Table 9 shows a summary of metrics. The
Android Lint method had the second highest coverage (mean of 62.15% and median of 76.92%) and the highest accuracy (median of 100%) of components with identified resource leaks and no false positives. However, it can only identify the resource class
android.database.Cursor (1.92%) among the leak classes of the five applications in the study. The
Infer method had the second highest accuracy (median of 95.16%), and the
LeakPred method had the lowest accuracy (median of 81.25%).
The LeakPred approach can identify leaks in several resource classes. This is an advantage, since the fact that a method can identify several categories of leaks reduces the number of methods to be configured and executed, which can help in its use during the development of mobile applications and, consequently, in reducing costs and/or time throughout the project.
6. Threats to Validity
This study has internal, building, and external threats that must be examined. This section details each one as follows:
Internal Validity: The sample of projects was not completely random, as they were randomly selected from the list of open-source applications presented in [
8]. As this was a feasibility study, it is believed that this issue does not pose a significant threat.
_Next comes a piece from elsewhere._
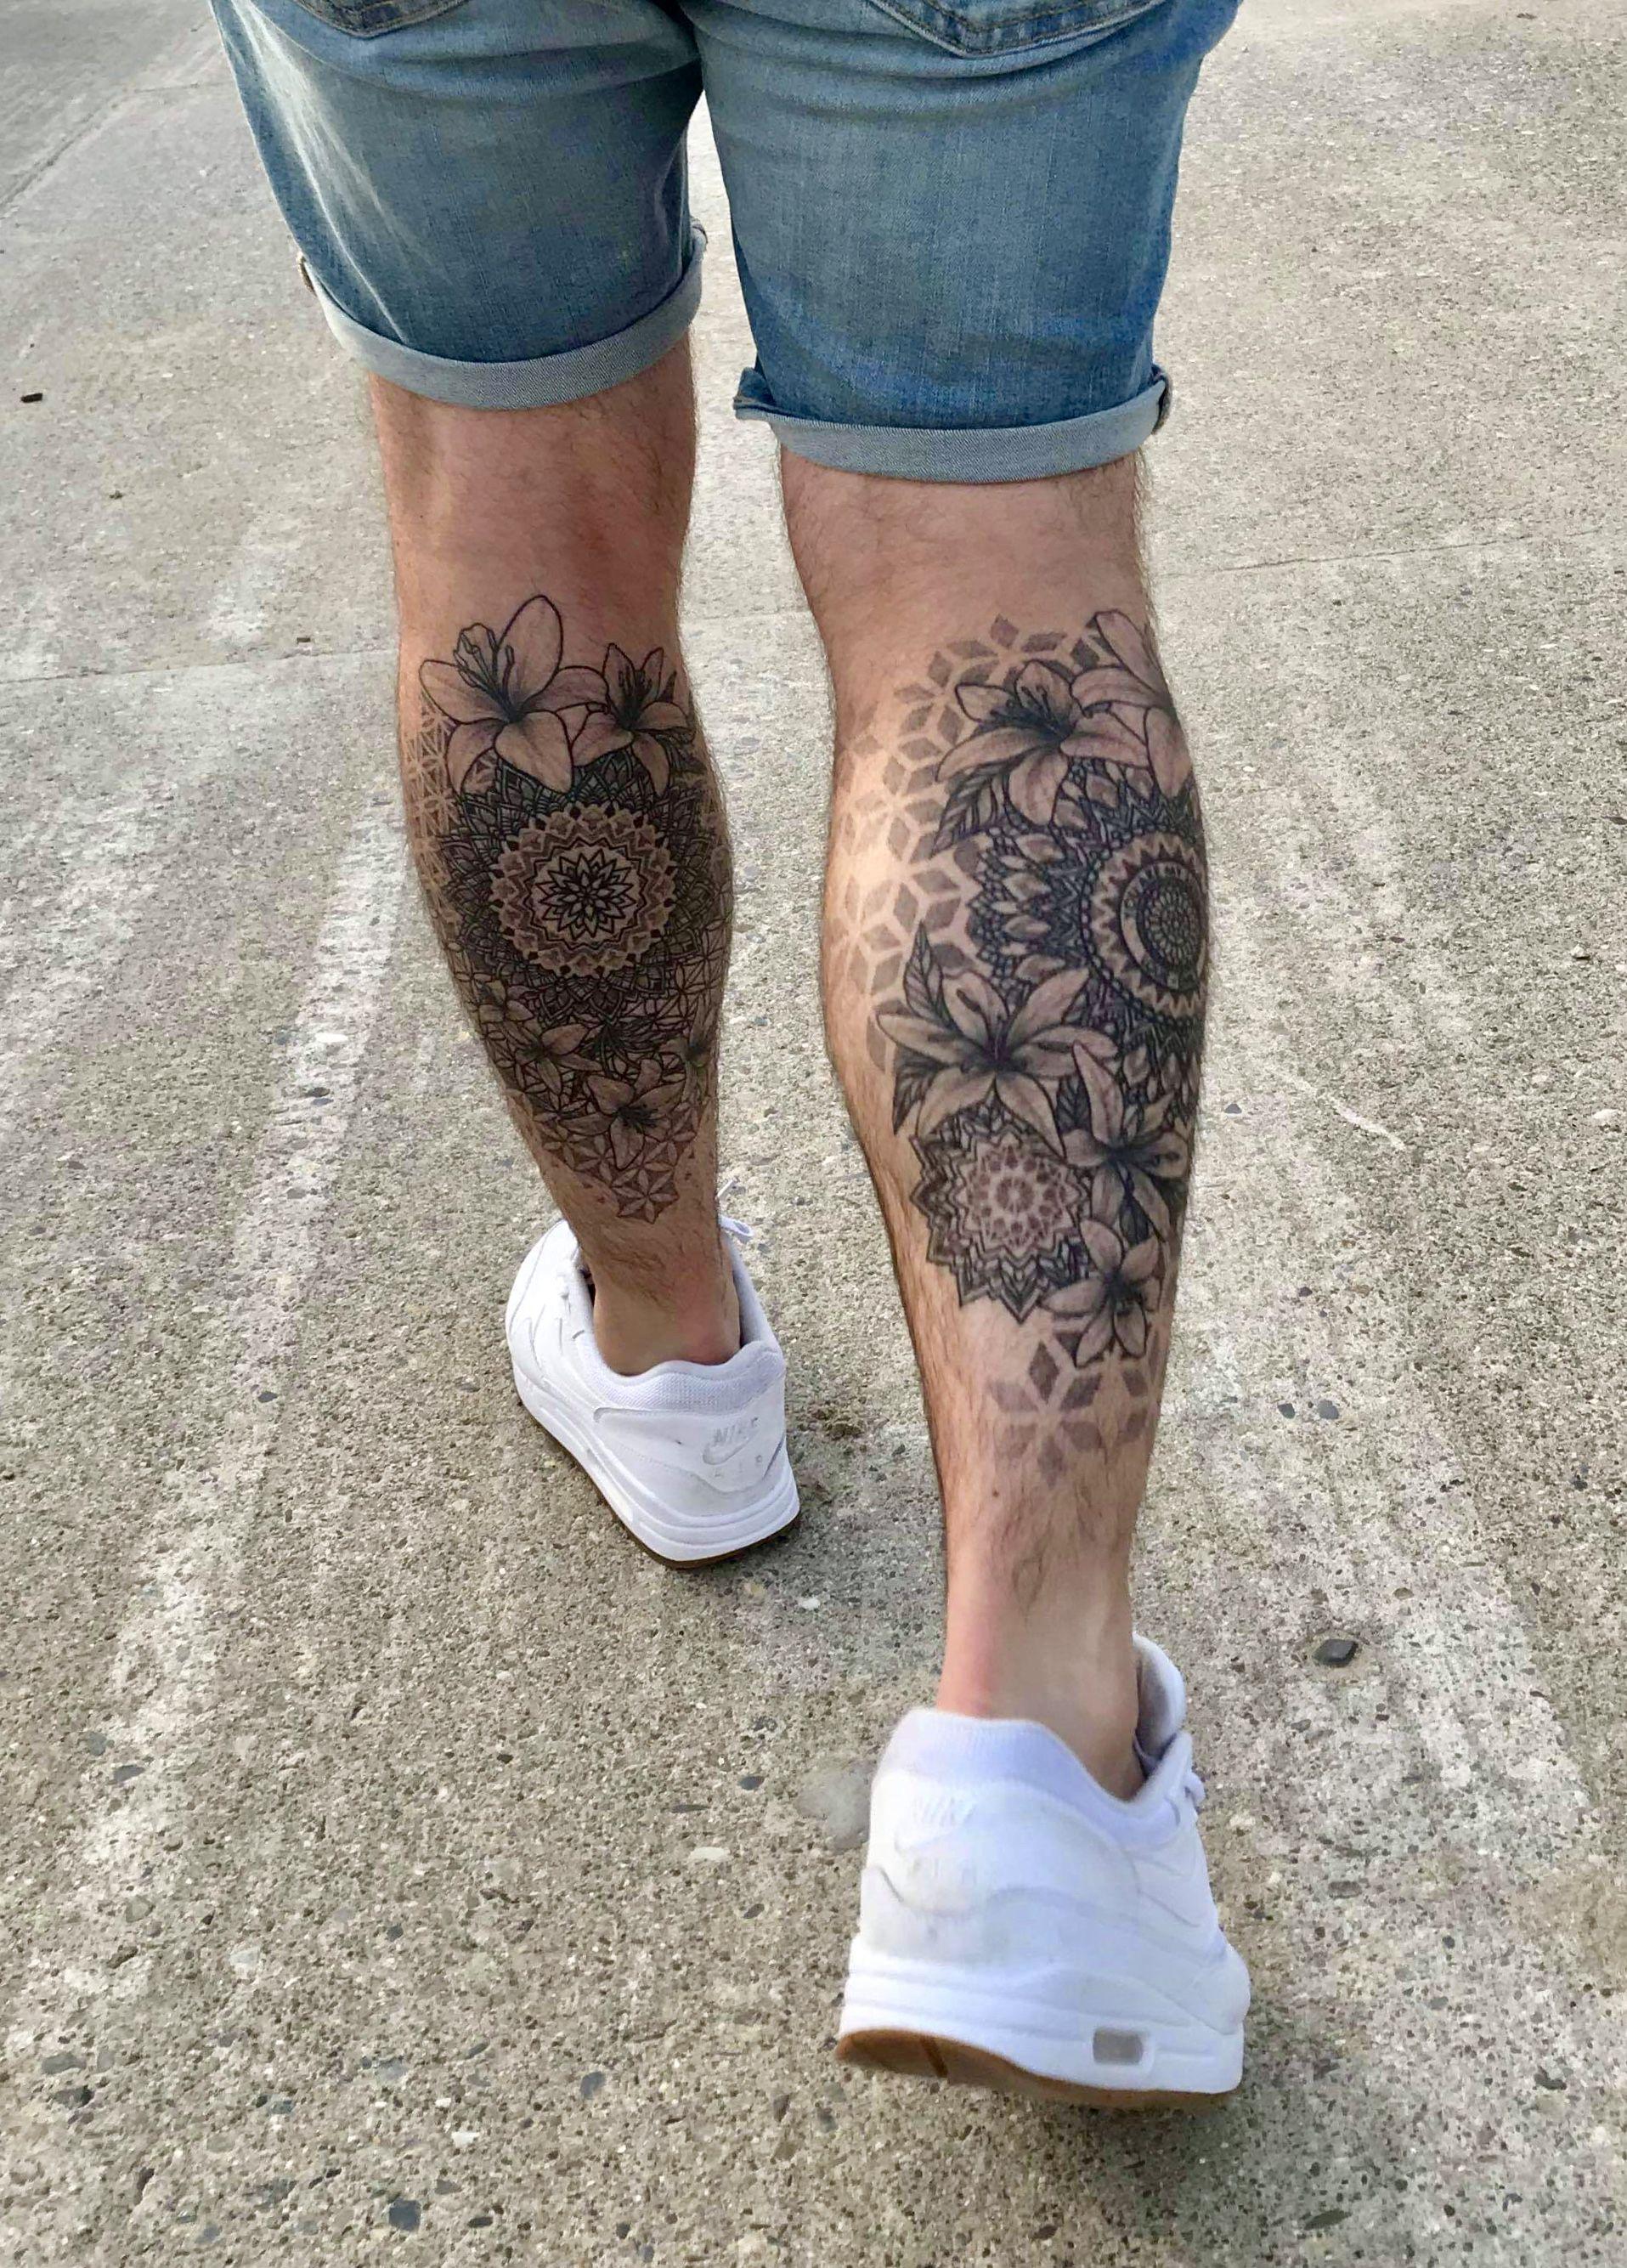 Mandala Tattoo Leg Sleeve Leg Sleeve Tattoo Geometric Tattoos Men Mandala Tattoo Leg

Construction Validity: This feasibility study used five Android platform applications from different categories developed in the Java language. This study may not be representative for other categories of mobile applications. Commits containing resource leak fixes were identified using keywords, and to ensure that the commit was related to a leak, a manual validation step was included.
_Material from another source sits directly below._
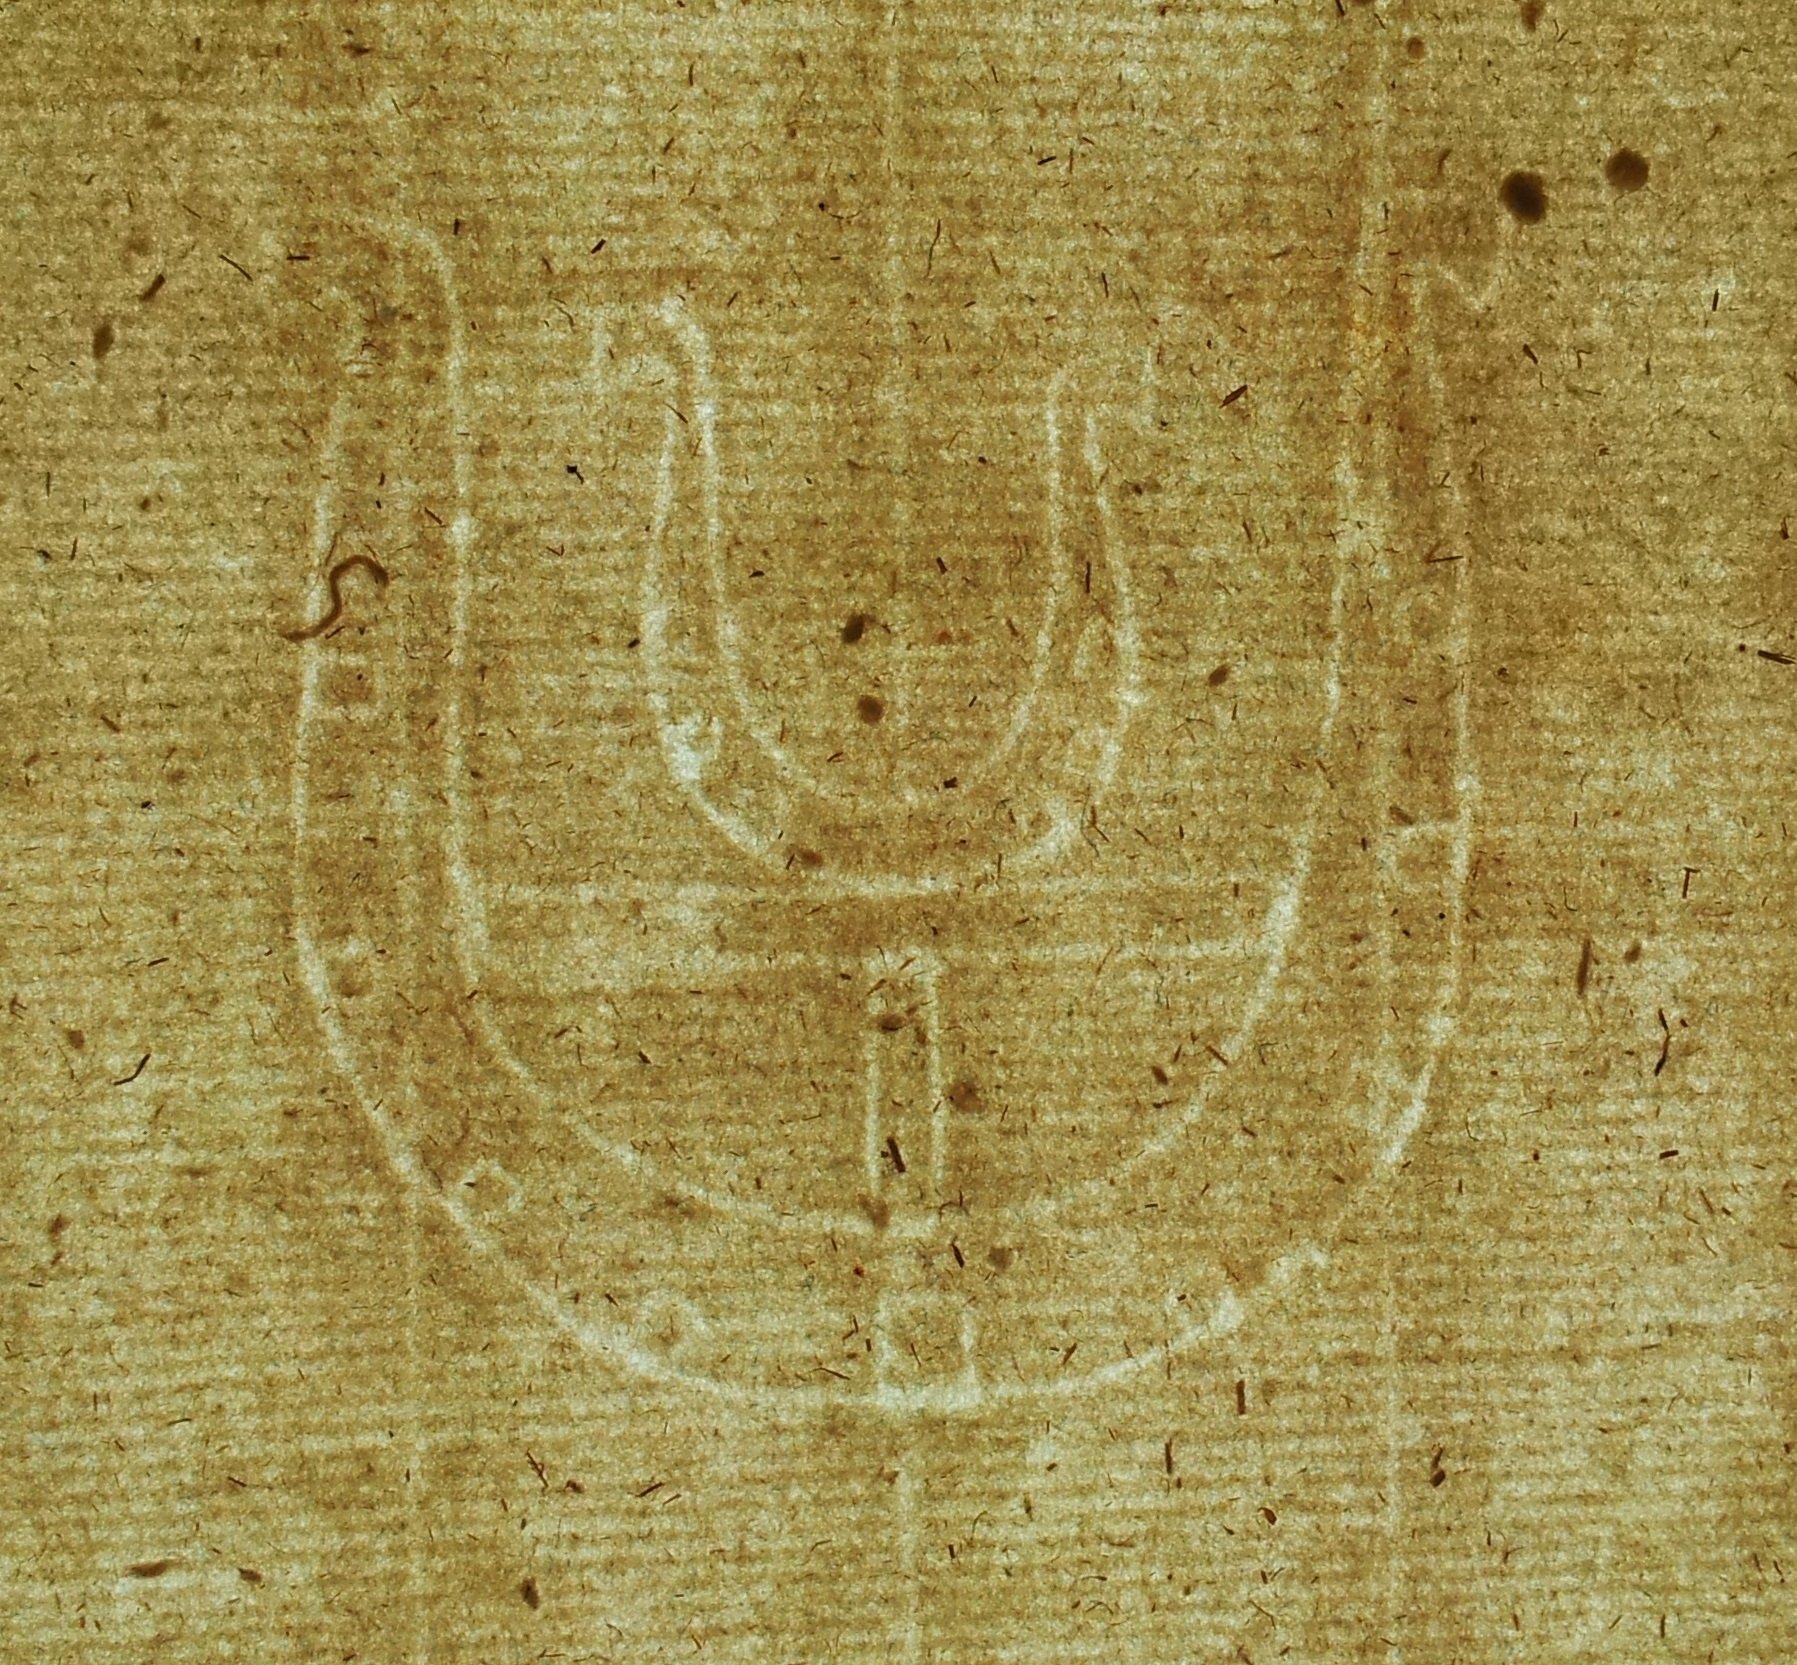 Papier XVIII wiek 2 podkowy Leszno Podkowa 148

External Validity: To reduce this threat, five applications from four different categories were used, namely, productivity, maps and navigation, tools, and education. Likewise, the LeakPred approach was compared with more than one state-of-the-art method. In the future, it is intended to increase the number of applications of different categories. We also chose the median, as it provides a direct understanding of the central point of the data and is not as influenced by outliers as the mean.
7. Conclusions
In this work, a feasibility study for the LeakPred approach was presented, aiming to analyze it through a controlled experiment with respect to its effectiveness in identifying components with resource leaks compared to state-of-the-art methods. The results show the possibility of using the LeakPred approach to identify resource leaks in mobile applications, as it obtained the highest median coverage percentage of identified resource leaks with 85.37%, as well as having the highest percentage of leak class coverage, 96.15%. However, it had the lowest accuracy (median of 81.25%). There is also the possibility of refinement to reduce the number of false positives.
The results found provide a basic understanding of the feasibility of the LeakPred approach. As future work, a study could be carried out that increases the number of open-source mobile applications and uses company applications. Another possibility is to evaluate the efficiency of the methods. Another interesting future research would be removing the limitation of the LeakPred approach in identifying leaks in an intermediate class that inherits the original leak class and removing the parsing of the test files. Finally, there is the possibility to adapt the approach and carry out a feasibility study for the iOS platform.